No verão de 1758, menos de três anos depois do grande terramoto que destruiu Lisboa, a população vive alarmada com o desaparecimento de sete raparigas cujos corpos nunca foram encontrados. Incomodado, Sebastião José de Carvalho e Melo, poderoso ministro do rei D. José, nomeia um recém-formado em Direito, Pina Manique, para investigar essas estranhas ocorrências.
No entanto, existem apenas vagas suspeitas sobre uns mercadores árabes. Para tentar acusá-los, Sebastião José dirige-se às masmorras da Torre de Belém para convencer Santamaria, um piloto de barcos, a auxiliá-lo na investigação, uma vez que o prisioneiro fala a língua dos árabes. A troco dessa ajuda, oferece-lhe a liberdade.

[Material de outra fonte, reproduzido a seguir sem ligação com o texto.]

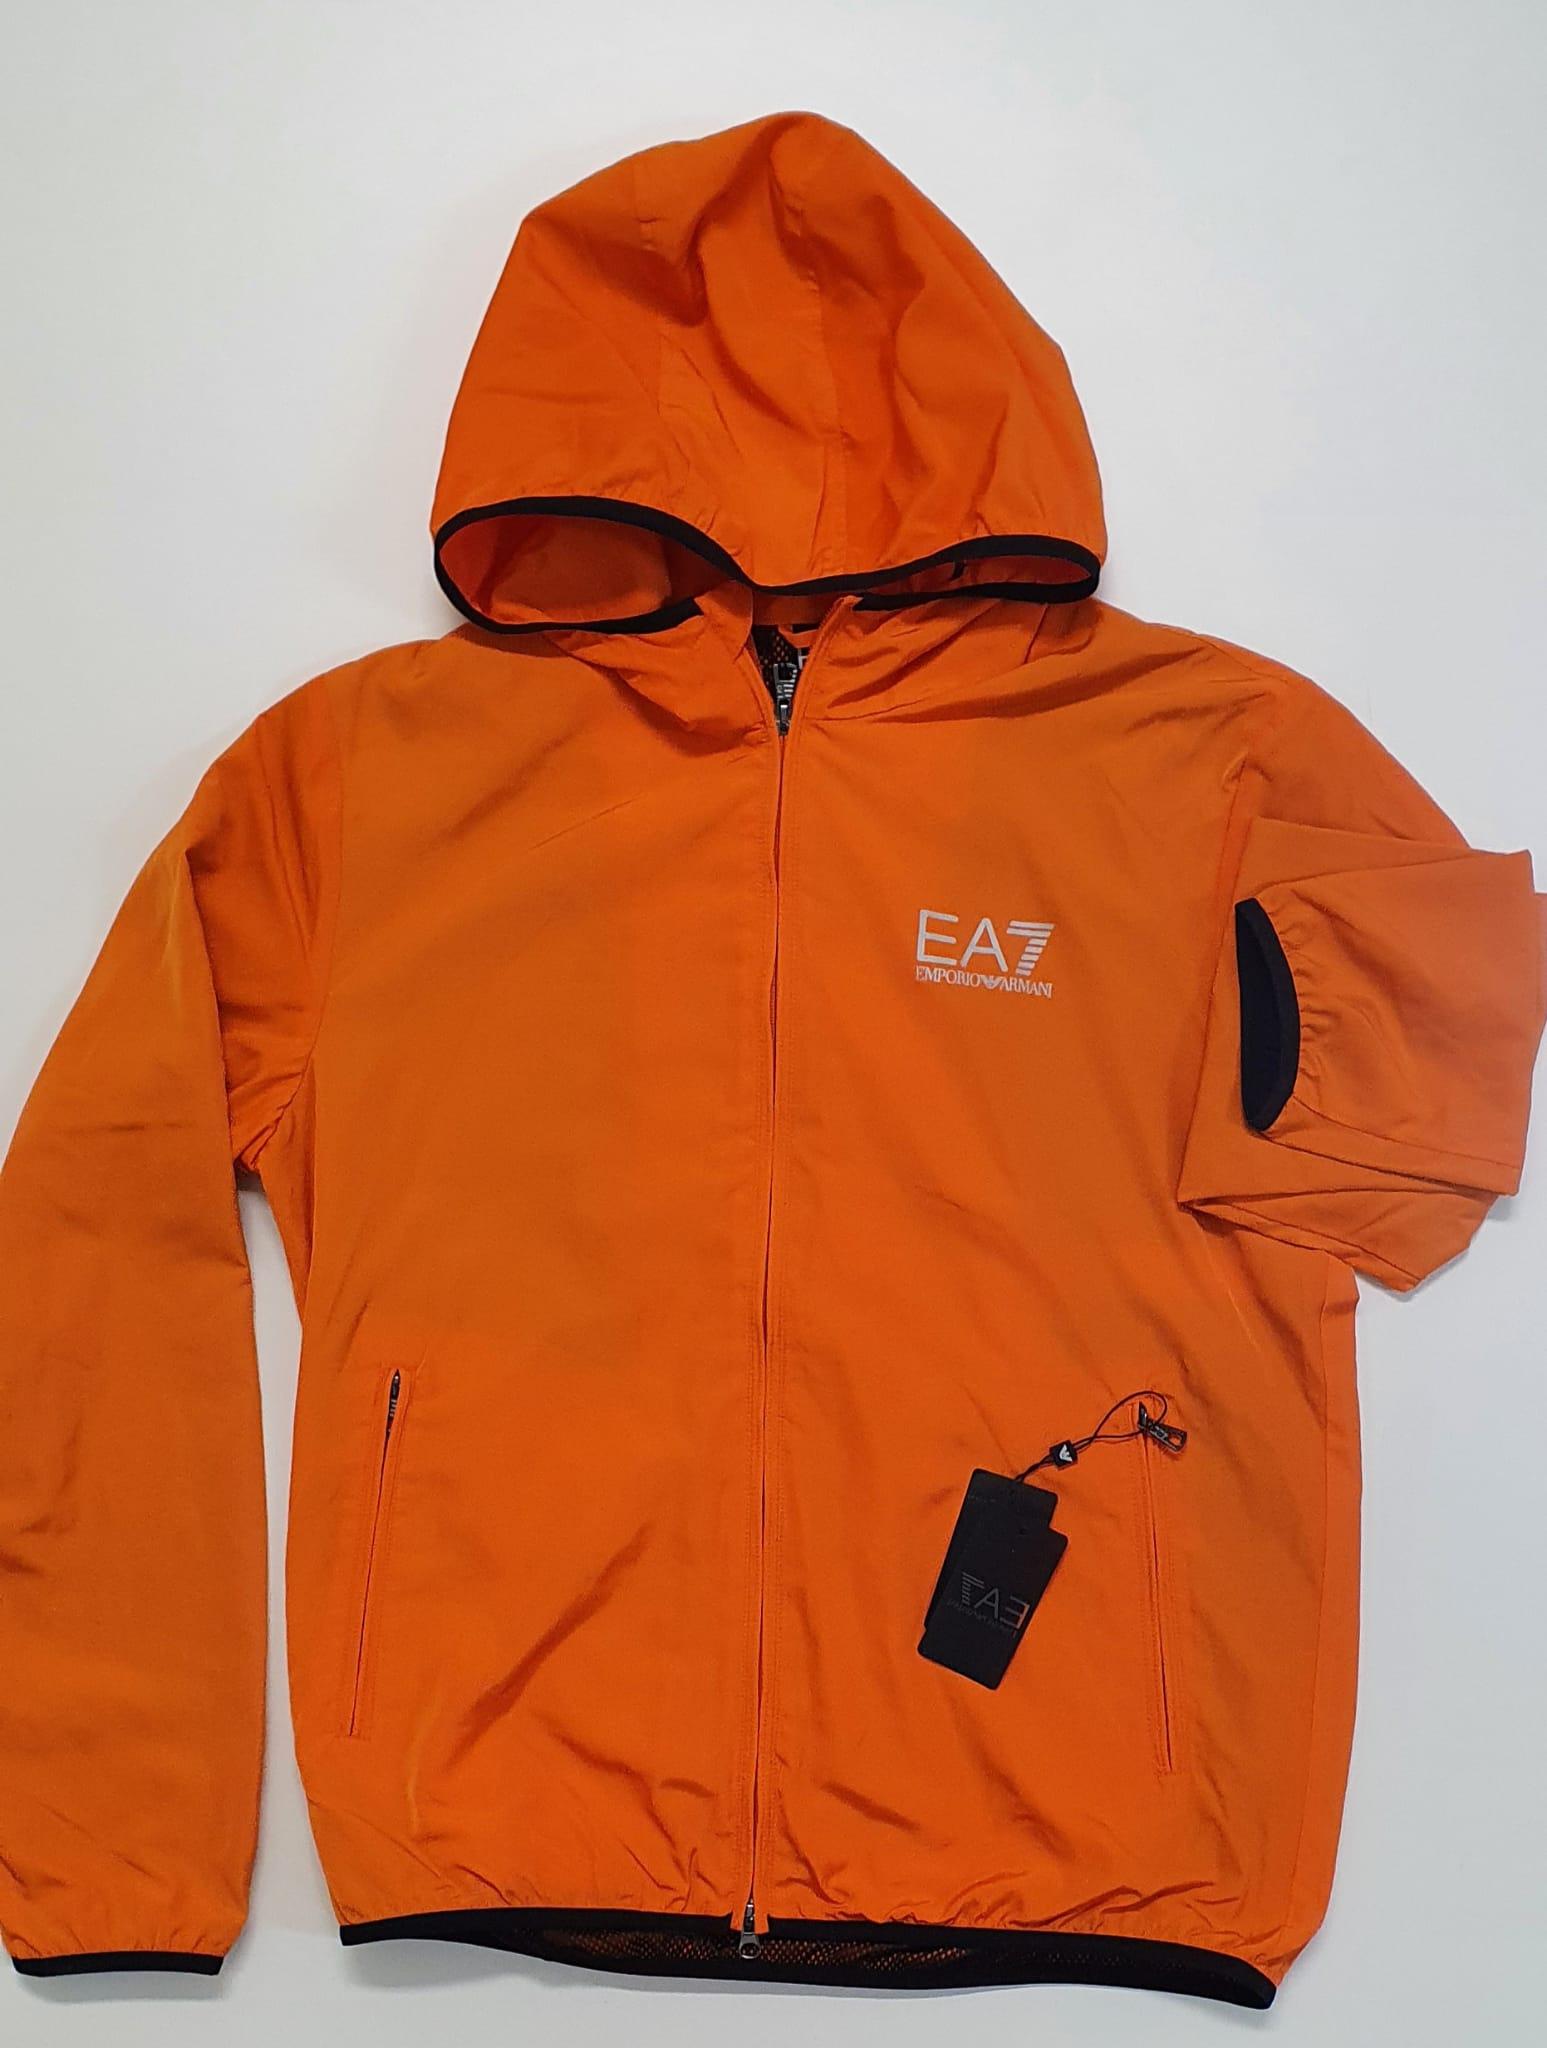 Giubbino Ea7 Liscio con Cappuccio Arancio

Santamaria recusa a proposta, até saber que uma das raparigas desaparecidas é a sua filha Assunção. É então que aceita ajudar na investigação, mergulhando numa cidade ainda atordoada pelo cataclismo. Nela, o piloto cruza-se com o seu filho Filipe, a antiga escrava Ester, o místico Abraão e o seu rival do passado, Hugh Gold, que em tempos disputou com ele o amor de Margarida, a paixão que Santamaria deseja agora rever.
De repente, Santamaria vê-se envolvido numa terrível conspiração, pois enquanto tenta encontrar a sua filha e desvendar os desaparecimentos, tem de evitar ser implicado no processo dos Távoras.
Numa Lisboa onde Sebastião José já começara a impor a sua lei de ferro, surge então esta história de amor de um pai pelos seus filhos e a sua simultânea tentativa de reencontrar a mulher por quem um dia se apaixonou.
Domingos Freitas do Amaral nasceu a 12 de Outubro de 1967, em Lisboa. Depois de se ter formado em Economia, pela Universidade Católica Portuguesa, e de ter feito um mestrado em Relações Internacionais, na Universidade de Colúmbia, em Nova Iorque, decidiu seguir a sua carreira como jornalista. Actualmente, é o director da revista Maxmen, desde o seu lançamento, em Março de 2001. Colabora também com o Diário Económico e a revista Grazia. Antes, trabalhou no jornal O Independente durante 11 anos, além de ter colaborado com outras publicações, como o Diário de Notícias, Grande Reportagem, City, Invista e Fortuna. Colaborou também com a Rádio Comercial e com a SIC. É casado, tem dois filhos - uma rapariga e um rapaz - e vive em Lisboa. Enquanto Salazar dormia...(2006) é o seu quarto livro de ficção publicado pela Casa das Letras, depois de Amor à Primeira Vista (1998), O Fanático do Sushi (2000) e Os Cavaleiros de São João Baptista (2004). Fonte:Webboom
“As Filhas do Terramoto” é a sequela de “Quando Lisboa Tremeu” e leva-nos de volta a uma Lisboa que ainda não recuperou do grande terramoto de 1755.
Desta vez, a história acompanha o desaparecimento de várias raparigas numa cidade ainda mergulhada no caos do pós-terramoto. Entre investigações, segredos e jogos de poder, o romance conduz-nos por uma Lisboa onde convivem medo, pobreza, reconstrução e tensão política.
Ao longo do livro, cruzamo-nos com algumas das figuras e acontecimentos mais marcantes da época — o crescimento do poder do Marquês de Pombal, a sombra da Inquisição e o ambiente cada vez mais tenso em torno da família Távora, num período que acabaria por conduzir a um dos episódios mais sombrios da história portuguesa.
Mas o que mais me conquistou foi a atmosfera. Lisboa não surge apenas como cenários, sente-se. Quase conseguimos caminhar por aquelas ruas ainda destruídas e perceber o peso daquela época.
Domingos Amaral tem uma escrita muito fluida e visual, que faz o livro avançar rapidamente sem perder o lado histórico. E quando um romance consegue despertar ainda mais vontade de conhecer a nossa própria história, já está a fazer alguma coisa bem.
Não é bem o meu estilo de literatura. Com demasiados palavrões que considero desneceessários e cenas fortes que me levaram a não o ler à noite. Uma história pouco consistente mas acima de tudo é o estilo de escrita com que não me identifico.